## The problem
Beginning at the line that holds "Alex Jona design" and continuing to the last line of the data below, transcribe every line word for word, without pictures.

## Provided data
━━━━━━━━━━━━━━━━━━━━━━━━━━━━━━
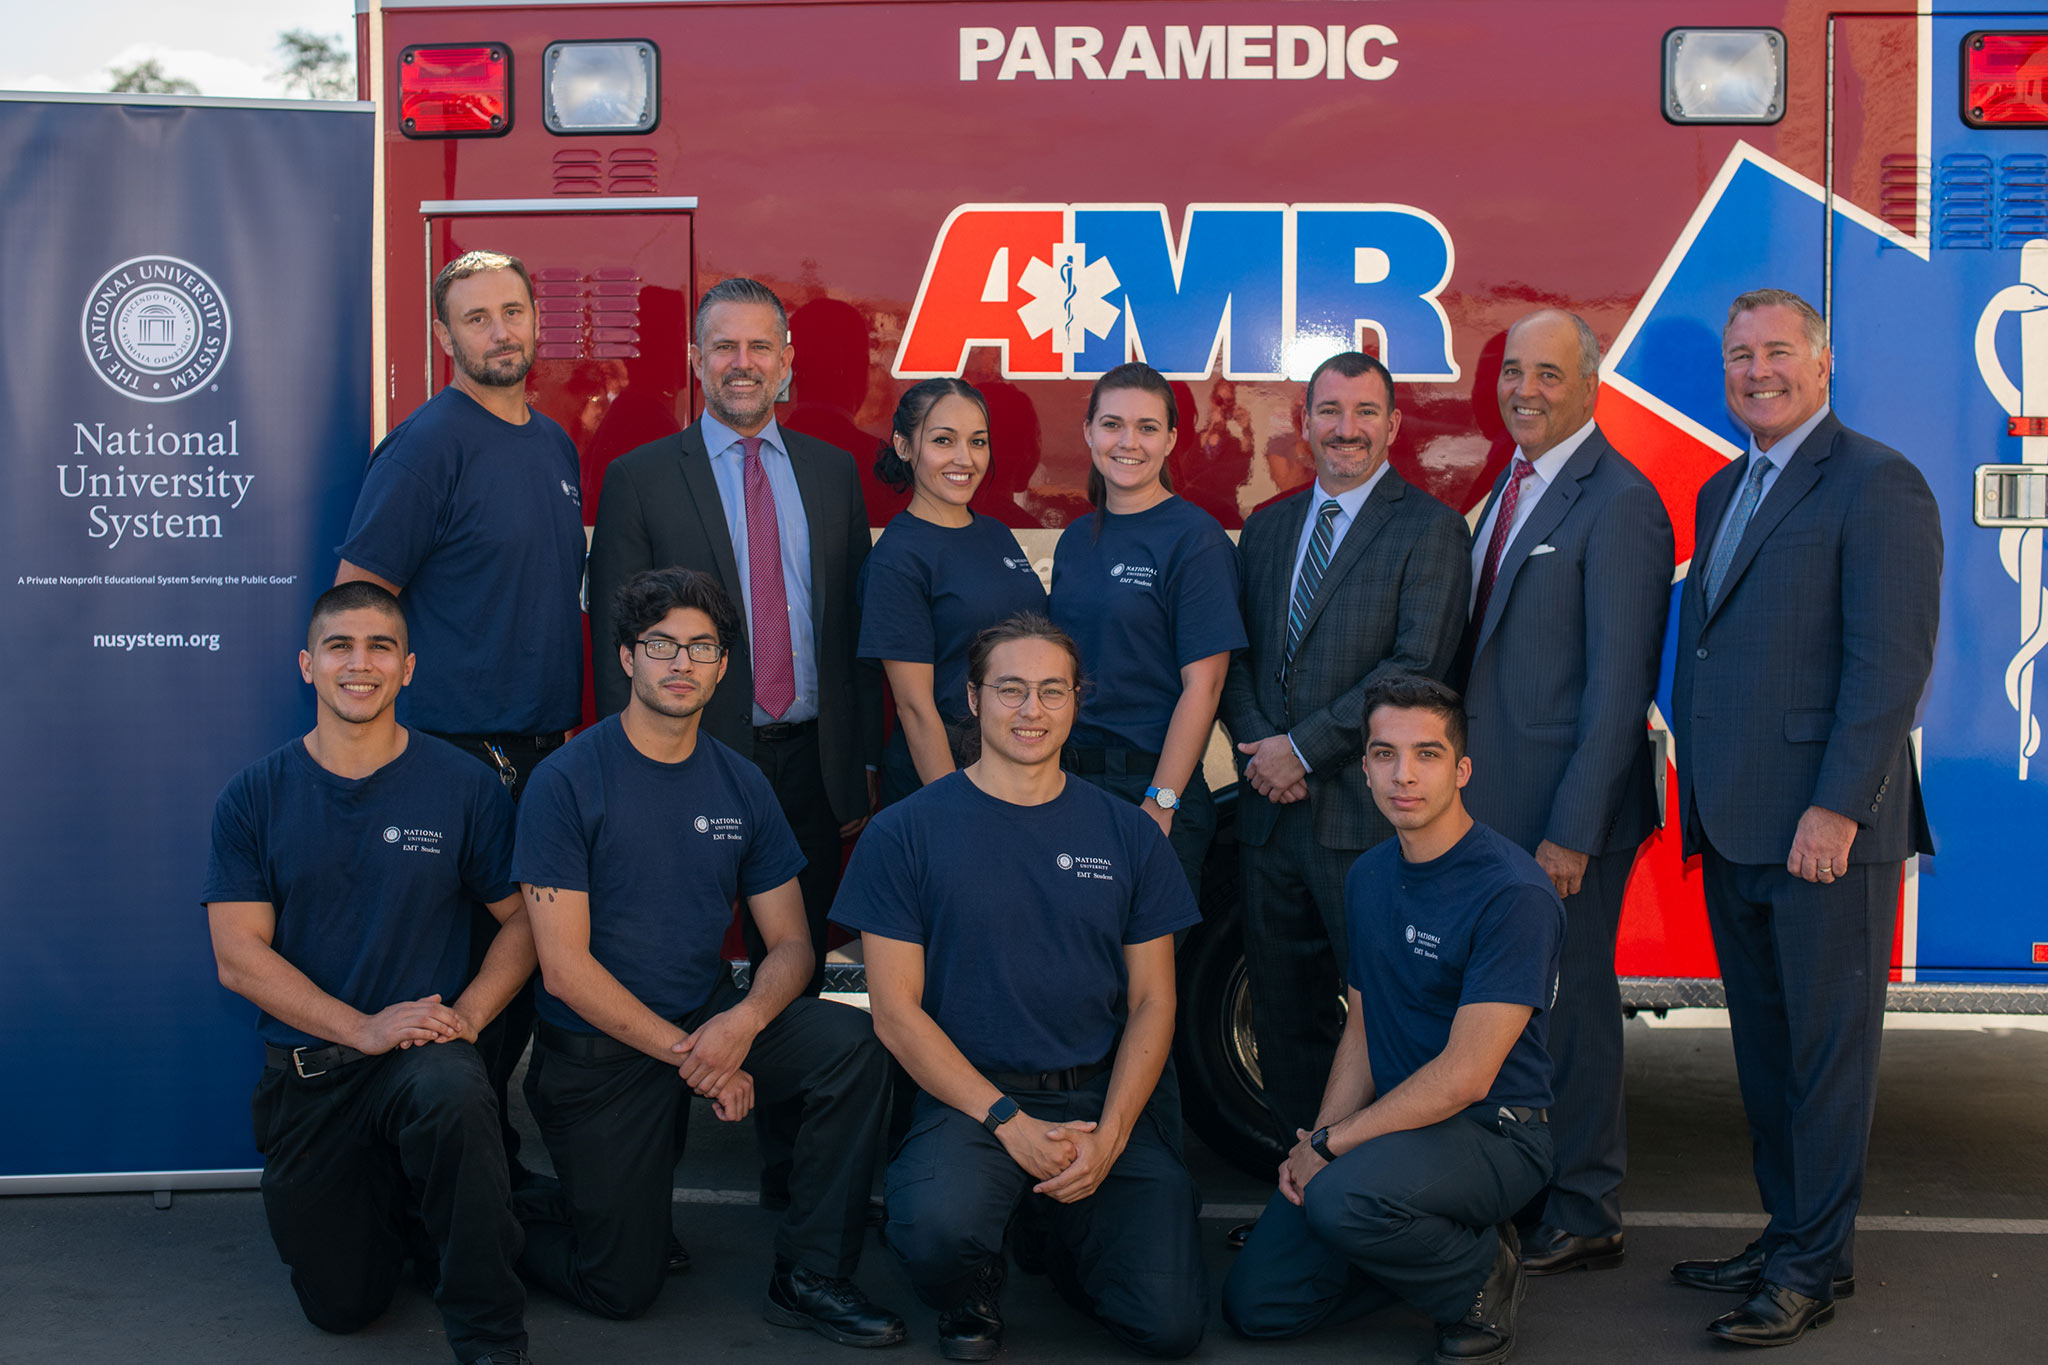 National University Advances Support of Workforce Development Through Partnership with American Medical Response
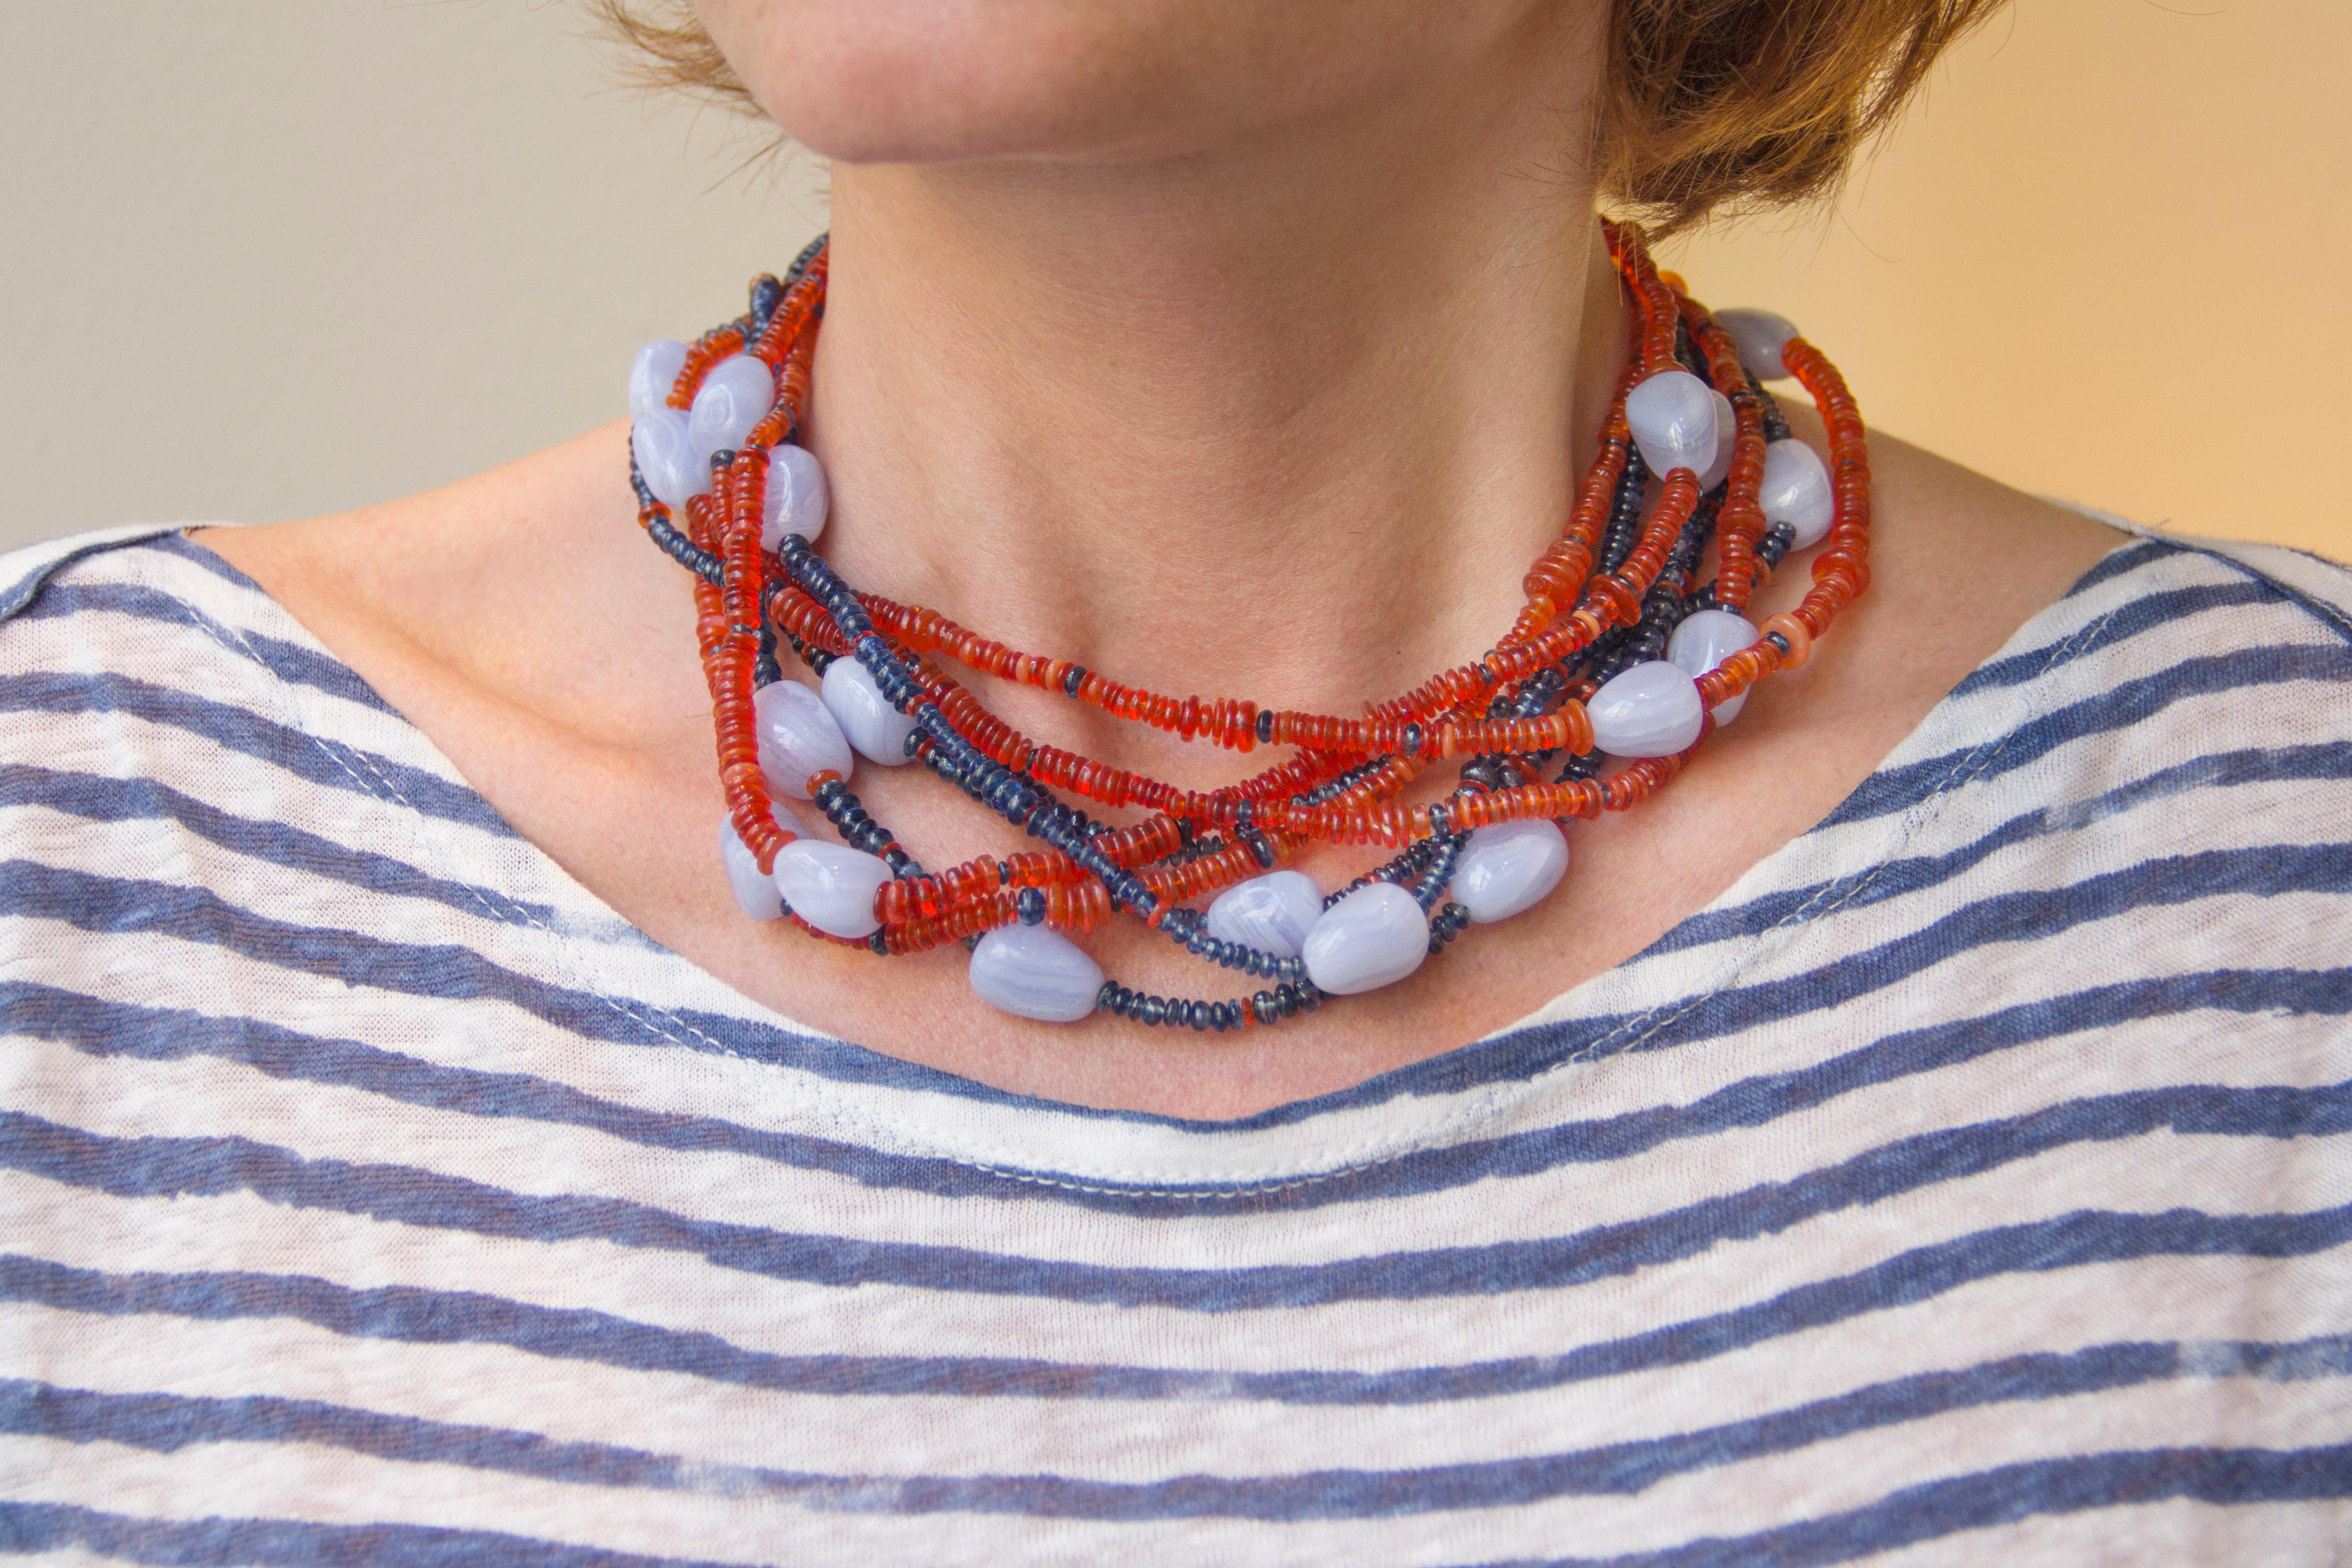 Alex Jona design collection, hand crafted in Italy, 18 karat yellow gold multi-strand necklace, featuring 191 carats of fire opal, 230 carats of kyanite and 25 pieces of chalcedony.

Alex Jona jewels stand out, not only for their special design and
━━━━━━━━━━━━━━━━━━━━━━━━━━━━━━
## Answer space
 Alex Jona design collection, hand crafted in Italy, 18 karat yellow gold multi-strand necklace, featuring 191 carats of fire opal, 230 carats of kyanite and 25 pieces of chalcedony.

Alex Jona jewels stand out, not only for their special design and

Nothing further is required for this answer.